[SCM] Samba Shared Repository - branch master updated
Noel Power
npower at samba.org
Wed Aug 17 09:55:02 UTC 2022
The branch, master has been updated
via f92bacbe216 s3/smbd: Use after free when iterating smbd_server_connection->connections
via 0bdfb5a5e60 s3/smbd: Use after free when iterating smbd_server_connection->connections
from 123f1c07c41 s3:utils remove documentation of -l as alias for --long
https://git.samba.org/?p=samba.git;a=shortlog;h=master
- Log -----------------------------------------------------------------
commit f92bacbe216d2d74ea3ccf3fe0df5c1cc9860996
Author: Jeremy Allison <jra at samba.org>
Date: Fri Jul 22 16:28:03 2022 +0100
s3/smbd: Use after free when iterating smbd_server_connection->connections
Change conn_free() to just use a destructor.
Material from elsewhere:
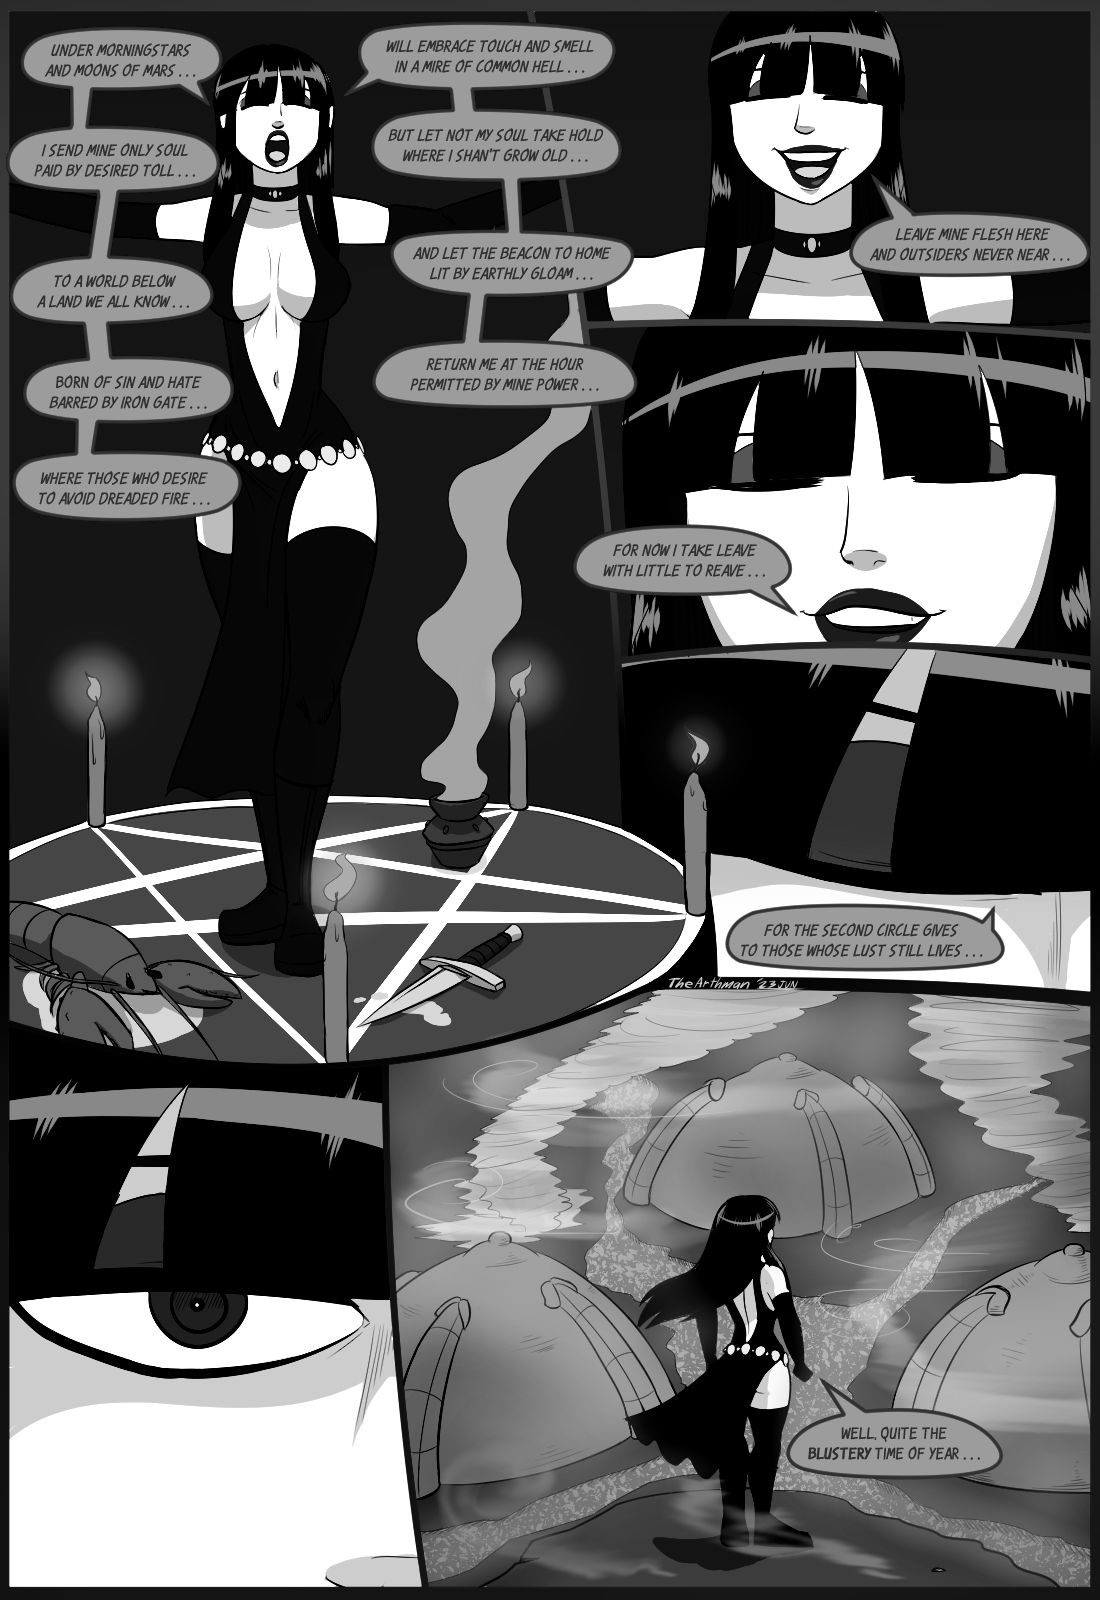 Dirtwater - Chapter 7 - Path of Sin Porn Comic english 15

We now
catch any other places where we may have forgetten to
call conn_free() - it's implicit on talloc_free(conn).
BUG: https://bugzilla.samba.org/show_bug.cgi?id=15128
Based on code from Noel Power <noel.power at suse.com>.
Signed-off-by: Jeremy Allison <jra at samba.org>
Reviewed-by: Noel Power <npower at samba.org>
Autobuild-User(master): Noel Power <npower at samba.org>
Autobuild-Date(master): Wed Aug 17 09:54:06 UTC 2022 on sn-devel-184
commit 0bdfb5a5e60df214c088df0782c4a1bcc2a4944a
Author: Jeremy Allison <jra at samba.org>
Date: Tue Aug 16 13:51:27 2022 -0700
s3/smbd: Use after free when iterating smbd_server_connection->connections
In SMB2 smbd_smb2_tree_connect() we create a new conn struct
inside make_connection_smb2() then move the ownership to tcon using:
tcon->compat = talloc_move(tcon, &compat_conn);
so the lifetime of tcon->compat is tied directly to tcon.
Inside smbXsrv_tcon_disconnect() we have:
908 ok = chdir_current_service(tcon->compat);
909 if (!ok) {
910 status = NT_STATUS_INTERNAL_ERROR;
911 DEBUG(0, ("smbXsrv_tcon_disconnect(0x%08x, '%s'): "
912 "chdir_current_service() failed: %s\n",
913 tcon->global->tcon_global_id,
914 tcon->global->share_name,
915 nt_errstr(status)));
916 tcon->compat = NULL;
917 return status;
918 }
919
920 close_cnum(tcon->compat, vuid);
921 tcon->compat = NULL;
If chdir_current_service(tcon->compat) fails, we return status without ever having
called close_cnum(tcon->compat, vuid), leaving the conn pointer left in the linked
list sconn->connections.
The caller frees tcon and (by ownership) tcon->compat, still leaving the
freed tcon->compat pointer on the sconn->connections linked list.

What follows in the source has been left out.